The core surface is deliberately small and side-effect-light. The path-returning helpers are pure; only the Locator::ensure_* methods touch disk. Everything is reachable through indusagi::core, and the most frequently used symbols are re-exported at the top of the core module so you never have to name the submodule.

use indusagi::core::{
    CancellationToken, CancelExt, CoreError, CoreResult,
    canonical_json, content_hash, Locator, LocatorOverrides,
    Channel, VERSION, now_ms,
};
use indusagi::core::brand::{BRAND, env_name};
use indusagi::core::ids::{new_id, prefixed_id};

// Cancellation is a typed value, never a panic.
let root = indusagi::core::cancel::root_token();
let round = indusagi::core::cancel::round_token(&root);
round.error_if_cancelled()?;                 // Ok(()) while live

// Content-address a value with byte-exact JSON.stringify semantics.
let id: String = content_hash(&serde_json::json!({ "k": 42 }));

// Resolve every on-disk path from one struct, honoring INDUSAGI_HOME.
let loc = Locator::new(LocatorOverrides::default());
let settings = loc.settings_path();          // ~/.indusagi/settings.json

println!("{VERSION} @ {} — env: {}", now_ms(), env_name("api key")); // INDUSAGI_API_KEY
# Ok::<(), CoreError>(())

Module map

core/mod.rs declares ten public submodules. Internal layering is flat — none of these modules depend on a subsystem crate, and most depend only on brand and errors.

Module Source Holds
brand core/brand.rs The single naming truth: the Brand record, the BRAND const, and the env_name / env_name_with grammar
cancel core/cancel.rs The framework's one cancellation currency: a re-export of CancellationToken, the parent→round→child chain helpers, and the CancelExt typed-error trait
canonical core/canonical.rs A hand-rolled JSON.stringify (canonical_json) plus content_hash, the parity-critical content-addressing surface, and HASH_WIDTH
channel core/channel.rs The re-iterable Channel<T> stream factory, BoxStream<T>, and the channel_of_vec test convenience
env core/env.rs The single env-var registry: read_env / read_raw, indusagi_home, the PROVIDER_ENV_MAP table, SDK_CREDENTIALS_MARKER
errors core/errors.rs The closed CoreError enum and the CoreResult<T> alias
ids core/ids.rs ULID id helpers: new_id, prefixed_id
locate core/locate.rs The unified Locator / LocatorOverrides that compute every state path from two roots + BRAND
time core/time.rs The single wall-clock surface: now_ms()
version core/version.rs The single-source VERSION const, read from CARGO_PKG_VERSION

Root re-exports

core/mod.rs lifts the most reached-for symbols to the top of the core module so downstream code can write use indusagi::core::{VERSION, CoreError, CancellationToken} without naming the submodule. (VERSION is additionally re-exported at the indusagi crate root — via facade and lib.rs — as the workspace's single version constant.)

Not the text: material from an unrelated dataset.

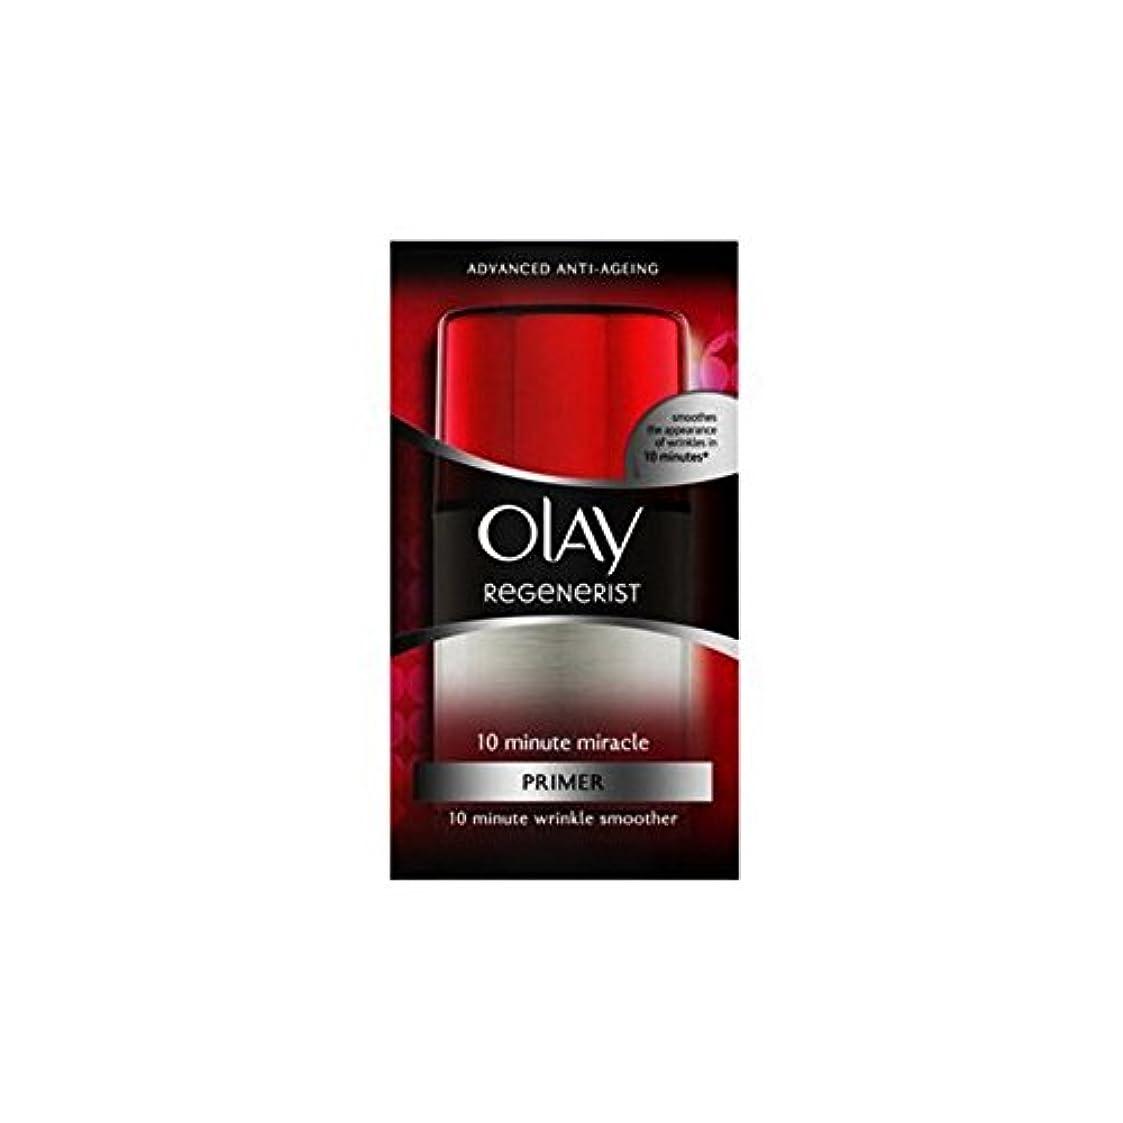 Olay Regenerist Super 10 Minute Miracle Facial Moisturiser (50ml) - オーレイリジェネスーパー10分の奇跡顔の保湿剤(50ミリリットル) [並行輸入品]

pub use brand::{BRAND, Brand, env_name};
pub use cancel::{CancelExt, CancellationToken};
pub use canonical::{HASH_WIDTH, canonical_json, content_hash};
pub use channel::{BoxStream, Channel};
pub use errors::{CoreError, CoreResult};
pub use locate::{Locator, LocatorOverrides};
pub use time::now_ms;
pub use version::VERSION;

Cancellation

core::cancel is the framework's single cancellation currency, replacing the TypeScript AbortController/AbortSignal pair that was chained parent → round → per-call child in the runtime scheduler. There is no bespoke token class: the chaining convention is collapsed onto a thin wrapper around tokio_util::sync::CancellationToken, which is already cooperative, queryable, multi-listener, and drop-safe-chainable. The type is re-exported, so the canonical tokio-util token flows through the whole framework unchanged.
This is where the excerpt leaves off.